Я пишу это для того, чтобы подчеркнуть, что онтогенетический подход к неврозам – это не теория, которая пытается  объяснить  сущность  всех  невротических нарушений. Это лишь один из взглядов на одну из сторон невротической психопатологии, не отрицающий и не подменяющий других взглядов и других подходов.    Единственная цель данного подхода – показать, что в неврозе есть  и  это.  Есть неврозы, сущность которых невозможно понять без учета онтогенетической динамики индивидуального и личностного бытия.

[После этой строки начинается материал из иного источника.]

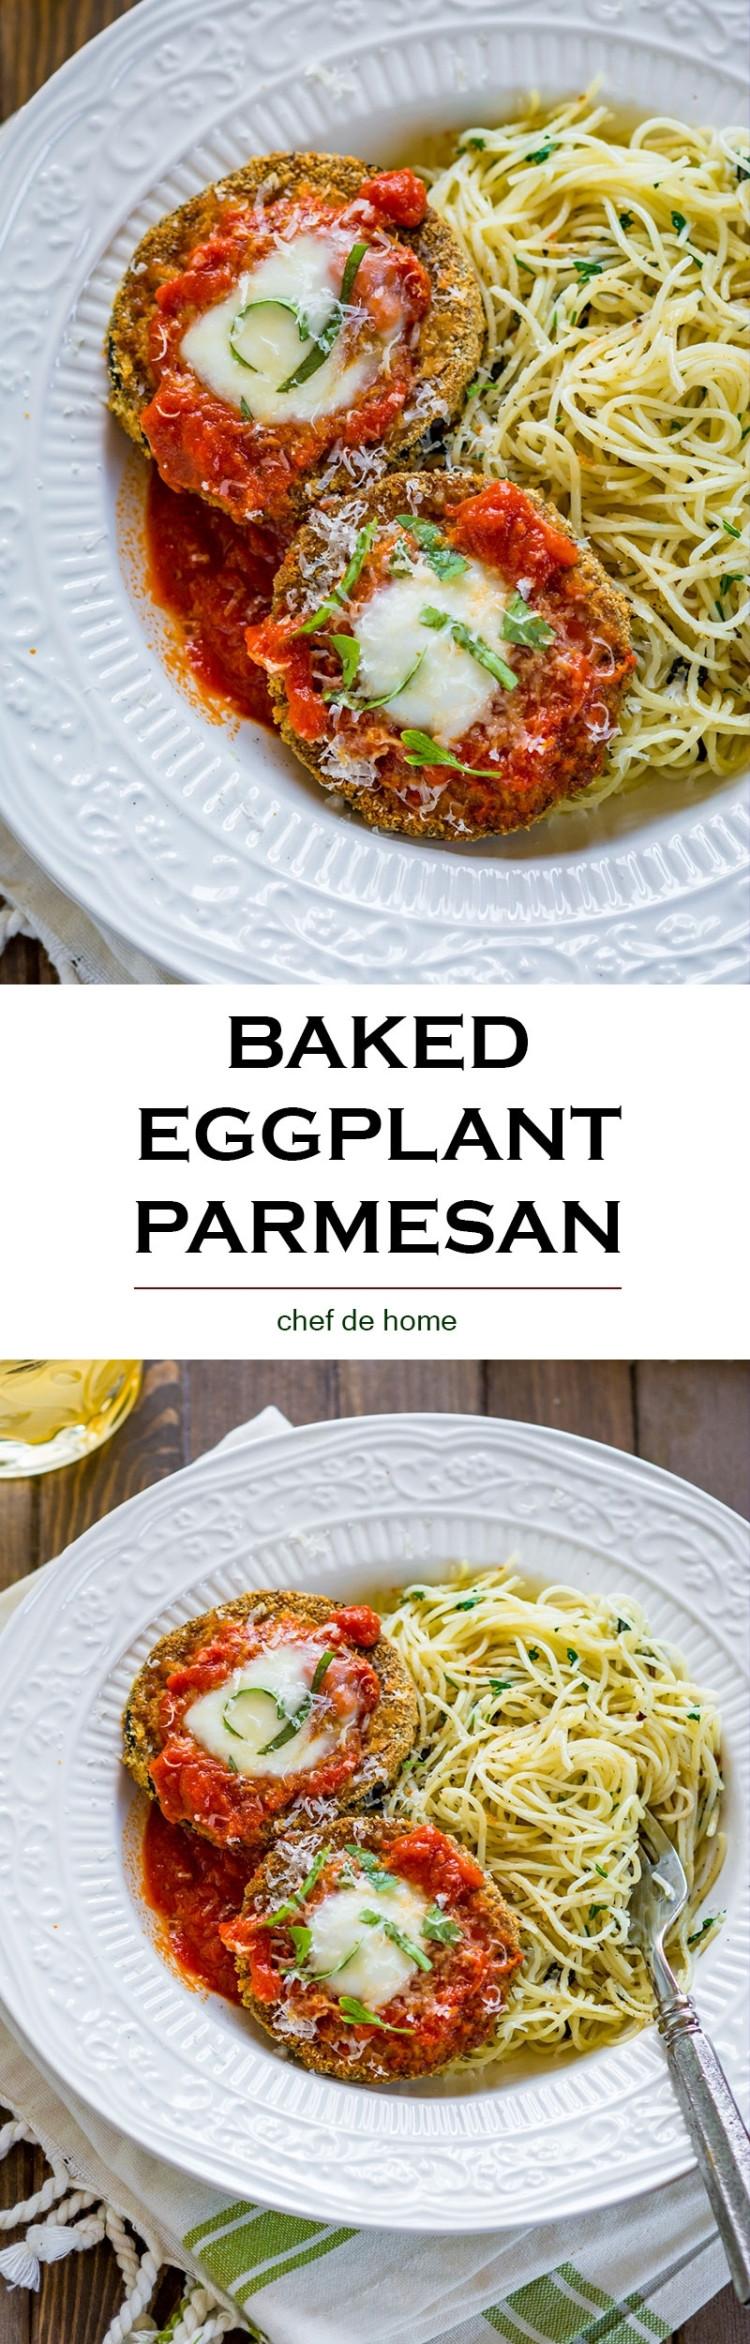 Healthy Eggplant Recipes  Healthy Baked Eggplant Parmesan Recipe

Невротик – это человек, который, не будучи способным развиваться дальше, не желает опускаться вместе со всеми и  получать то примитивное удовольствие, которое в избытке дает примитивная жизнь,  и  зависает  тем  самым в вакууме. Он оказывается между двумя «не»: не могу и не хочу. Он не хочет пожертвовать определенной долей аутентичности ради идентификационных процессов,  и ему недостаточно собственной аутентичности при отсутствии идентичности. Невротик недальновиден. Он всегда забывает, стреляя в далеко стоящую мишень, что пуля подчиняется не только силе, выталкивающей ее из ствола, но и земному притяжению. И чем дальше летит  пуля, тем больше ее клонит к земле, тем выше и недостижимее остается цель.

Таков, в целом, патогенетический механизм  возможного  рассогласования  между  индивидуальным  и  личностным онтогенезом, между индивидуальным и личностным функционированием, патогенетический механизм тревожности, психического напряжения, истощения и других вариантов патологической  защиты  от  возникающего индивидуально–личностного конфликта.

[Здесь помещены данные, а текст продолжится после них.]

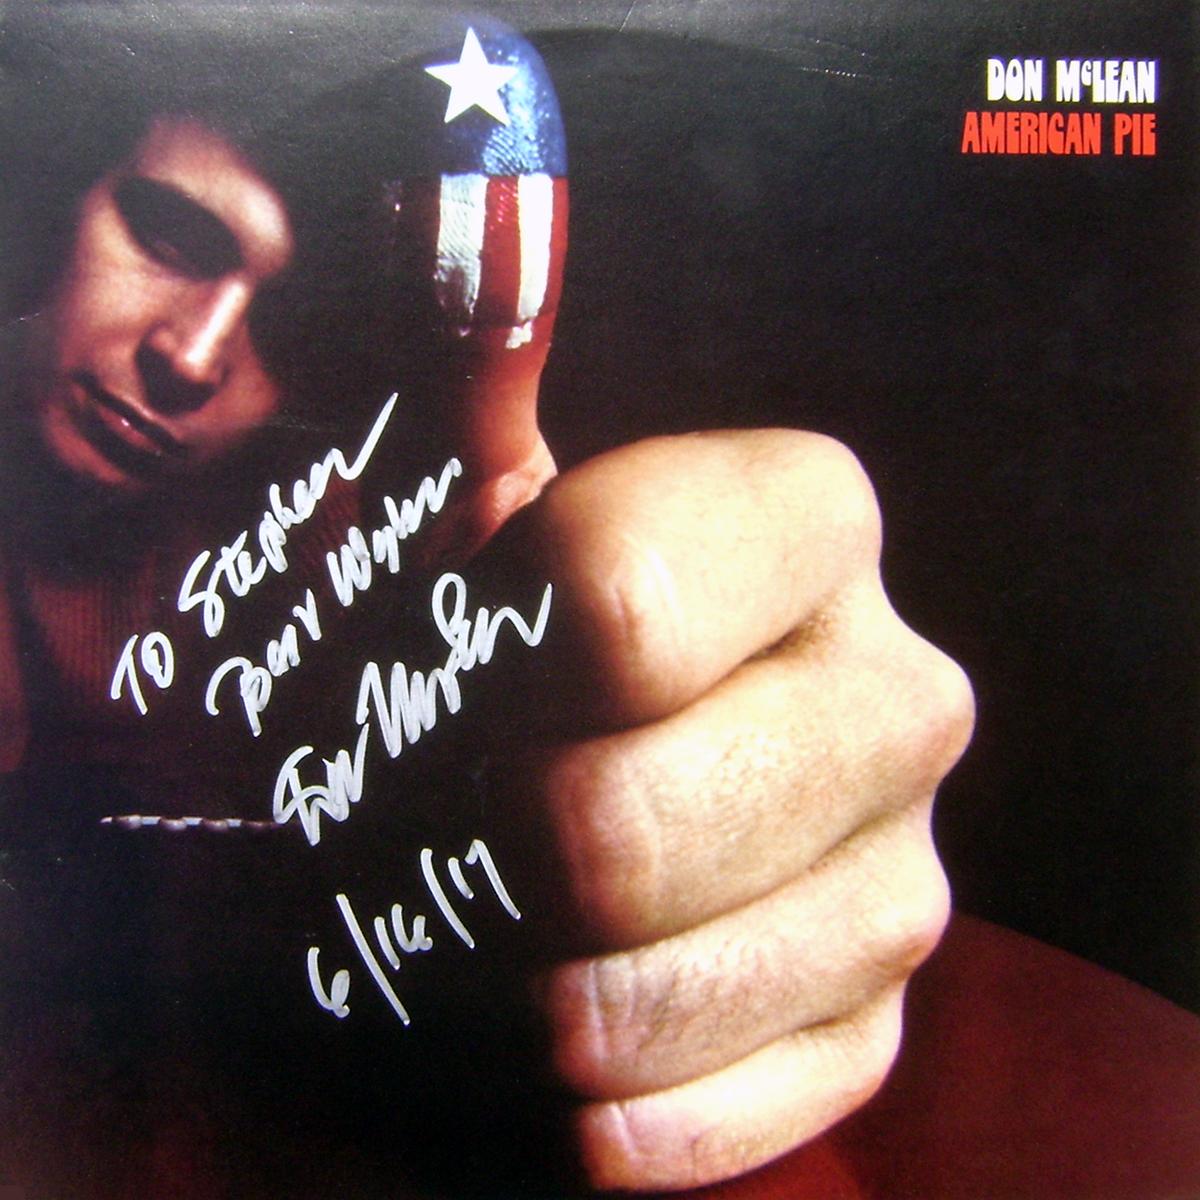 LP - Don McLean - American Pie

Все это имеет с моей точки зрения огромное значение для понимания  глубинных индивидуальных корней возникновения и формирования различных форм девиантного поведения и девиаций личности, а также различных форм пограничной психопатологической симптоматики.

Все  это позволяет несколько по иному взглянуть на роль онтогенеза в механизме возникновения многих пограничных (а  может быть и не только пограничных) нервно–психических расстройств.